A full worked example, including the `Context` setup and a CSM integration, lives at
[`examples/csm_examples/csm_effect_ethos`](../examples/csm_examples/csm_effect_ethos).

## Modalities

| Modality           | Meaning                                                                |
|--------------------|------------------------------------------------------------------------|
| `Obligatory`       | The action must be taken; omission is a violation.                     |
| `Impermissible`    | The action must not be taken; performing it is a violation.            |
| `Optional(i64)`    | The action is permitted and carries an explicit cost.                  |

## Relation to other DeepCausality crates

* `deep_causality` supplies `Context`, `ProposedAction`, `Uncertain`, and the seven generic parameters used here.
* `ultragraph` backs the `TeloidGraph`; freeze and acyclicity checks come from it.

## References

* Olson, T., Salas-Damian, R., and Forbus, K. D. *A Defeasible Deontic Calculus for Resolving Norm Conflicts.* Department of Computer Science, Northwestern University.
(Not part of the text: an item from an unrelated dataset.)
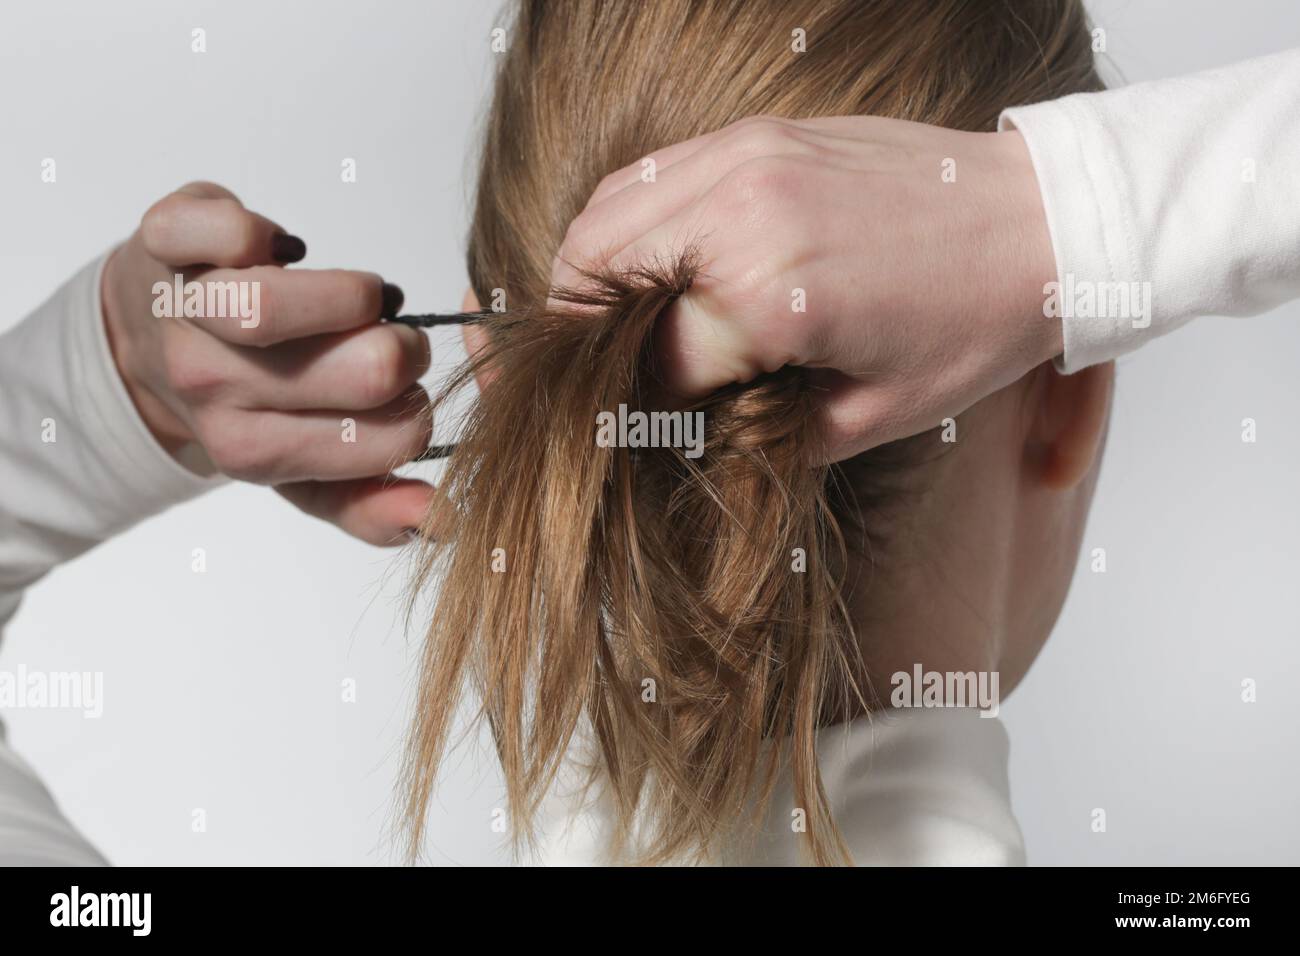 Série de photos de faire une queue de cheval basse avec élastique de base  bande de cheveux. Vue arrière de la jeune femme a attaché ses cheveux dans  la queue de cheval

The DDIC formalism underlying the conflict resolution rules used here:
  [docs/papers/ddic.pdf]../docs/papers/ddic.pdf
* Effect Propagation Process paper, section 8 (Teleology):
  <https://github.com/deepcausality-rs/papers/blob/main/effect_propagation_process/epp.pdf>
* In-repo overview: [docs/ETHOS.md]../docs/ETHOS.md

## License

This project is licensed under the [MIT license](LICENSE).